If we print the credential in Envelope Notation, we get:

{
    CID(4676635a) [
        "certificateNumber": "123-456-789"
        "continuingEducationUnits": 1.5
        "expirationDate": 2028-01-01
        "firstName": "James"
        "issueDate": 2020-01-01
        "lastName": "Maxwell"
        "photo": "This is James Maxwell's photo."
        "professionalDevelopmentHours": 15
        "subject": "RF and Microwave Engineering"
        "topics": CBOR
        controller: "Example Electrical Engineering Board"
        isA: "Certificate of Completion"
        issuer: "Example Electrical Engineering Board"
    ]
} [
    note: "Signed by Example Electrical Engineering Board"
    verifiedBy: Signature
]

The Target Set

Every part of an envelope generates a digest, and these together form a Merkle tree. So when eliding a document, we can decide what to remove or reveal by identifying a subset of all the digests that make up the tree. This set is known as the target. Normally we would create the target and then perform the elision in a single operation, but in this example we are going to build up the target in increments, showing the result of each step.

Creating the Empty Target

Here is the Swift code to create an empty set of digests:

var target: Set<Digest> = []

If we use this empty target to elide the target using the elideRevealing function:

let e2 = try credential.elideRevealing(target)
print(e2.format)

...then the entire envelope will be elided:

ELIDED

We've essentially said, "Elide everything." Obviously this isn't very useful, so we now start to work our way down the tree to the parts we want to reveal.

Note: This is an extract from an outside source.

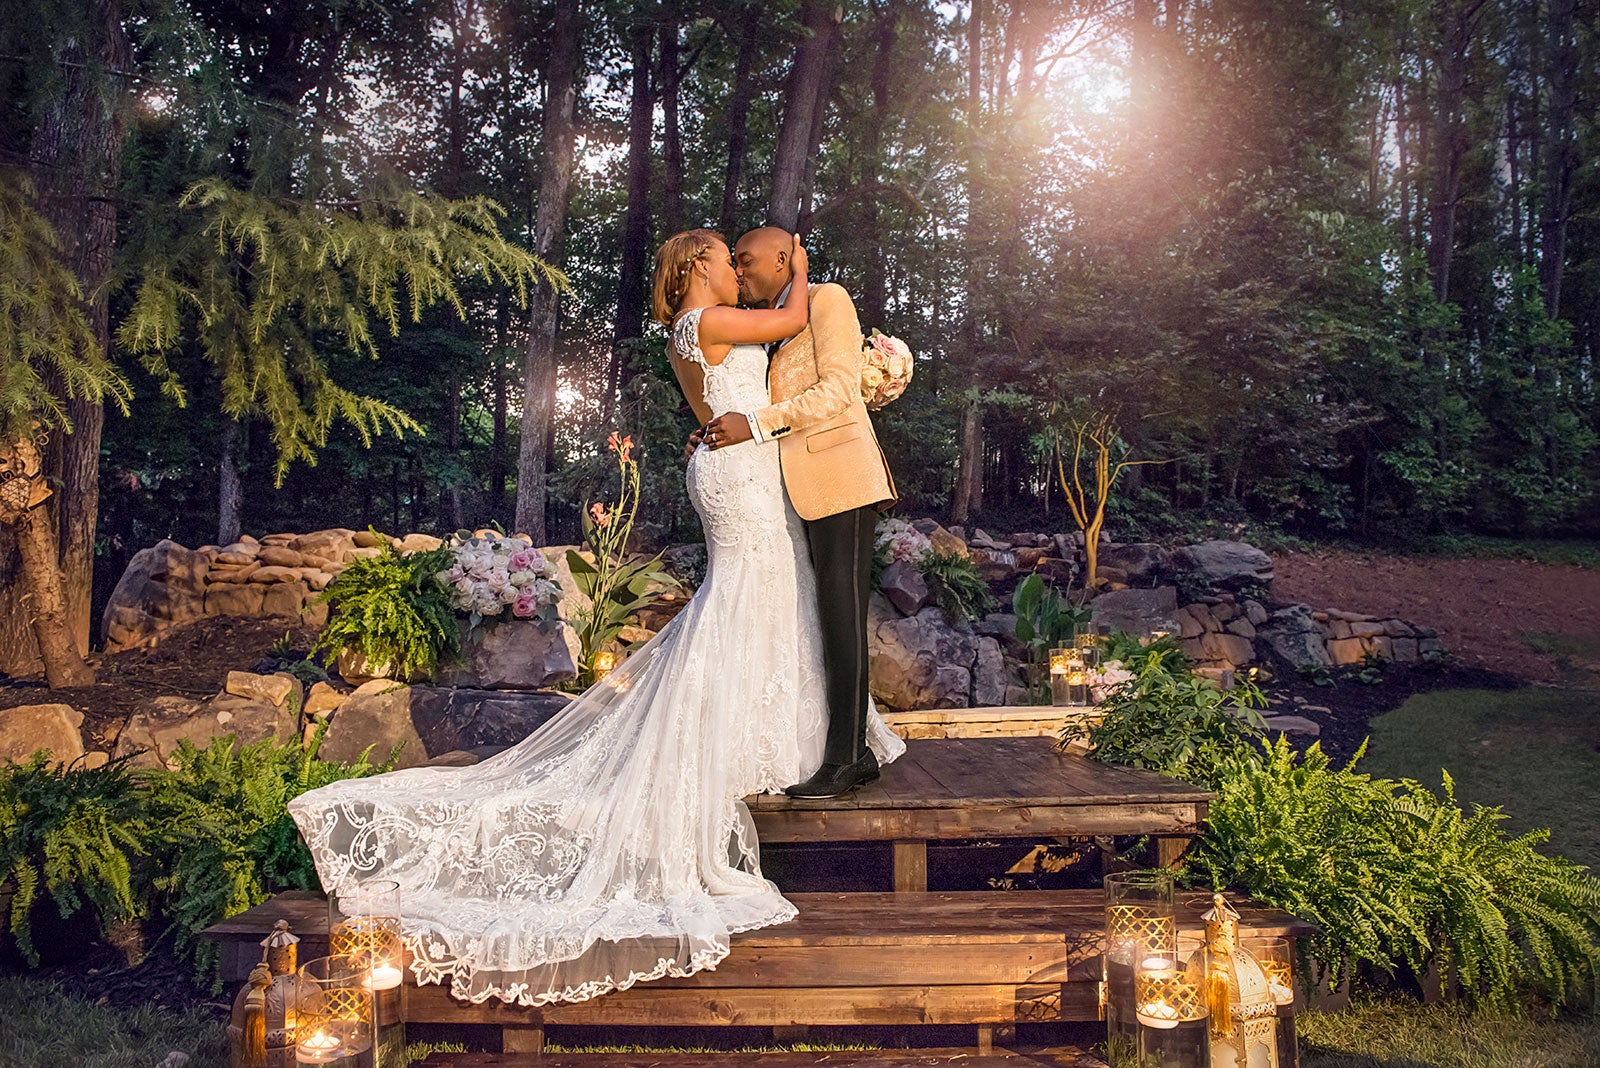 https://www.essence.com/wp-content/uploads/2015/08/images/2015/08/29/will-packer-wedding-photo-a22.jpg

Revealing the Top-Level Structure

The first digest we need is the top-level digest of the envelope. This reveals the "macro structure" of the envelope.

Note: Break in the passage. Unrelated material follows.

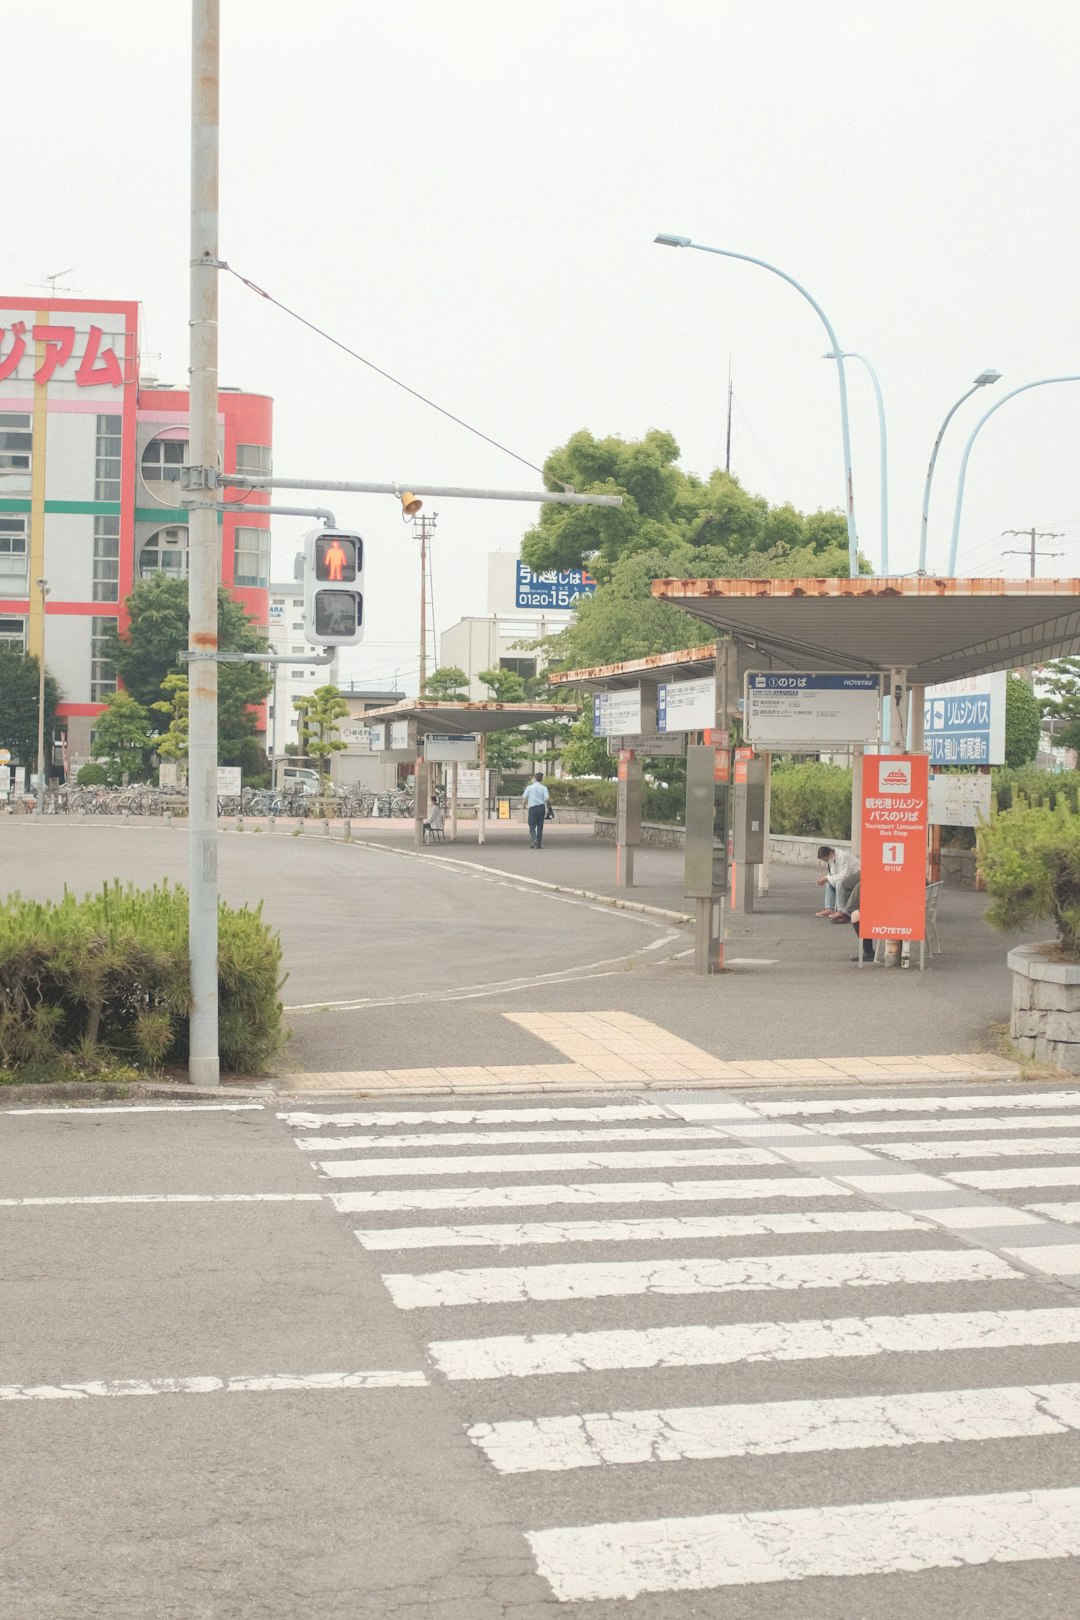 pedestrian lane with traffic light

(From here on we'll just show the code that adds digests to the target, and the result of performing the elision on the original credential using that target.)

target.insert(credential)
ELIDED [
    ELIDED (2)
]

This shows us that the envelope has a subject, which is still elided, and two assertions, both of which are still elided. The subject is the actual credential, and the assertions are the signature and the note.

Revealing the Signature

To reveal the two assertions, we iterate through them and add their "deep digests" to the target. Using deepDigests means that everying about the revealed assertions will be revealed, including any assertions they may have, recursively.

for assertion in credential.assertions {
    target.insert(assertion.deepDigests)
}
ELIDED [
    note: "Signed by Example Electrical Engineering Board"
    verifiedBy: Signature
]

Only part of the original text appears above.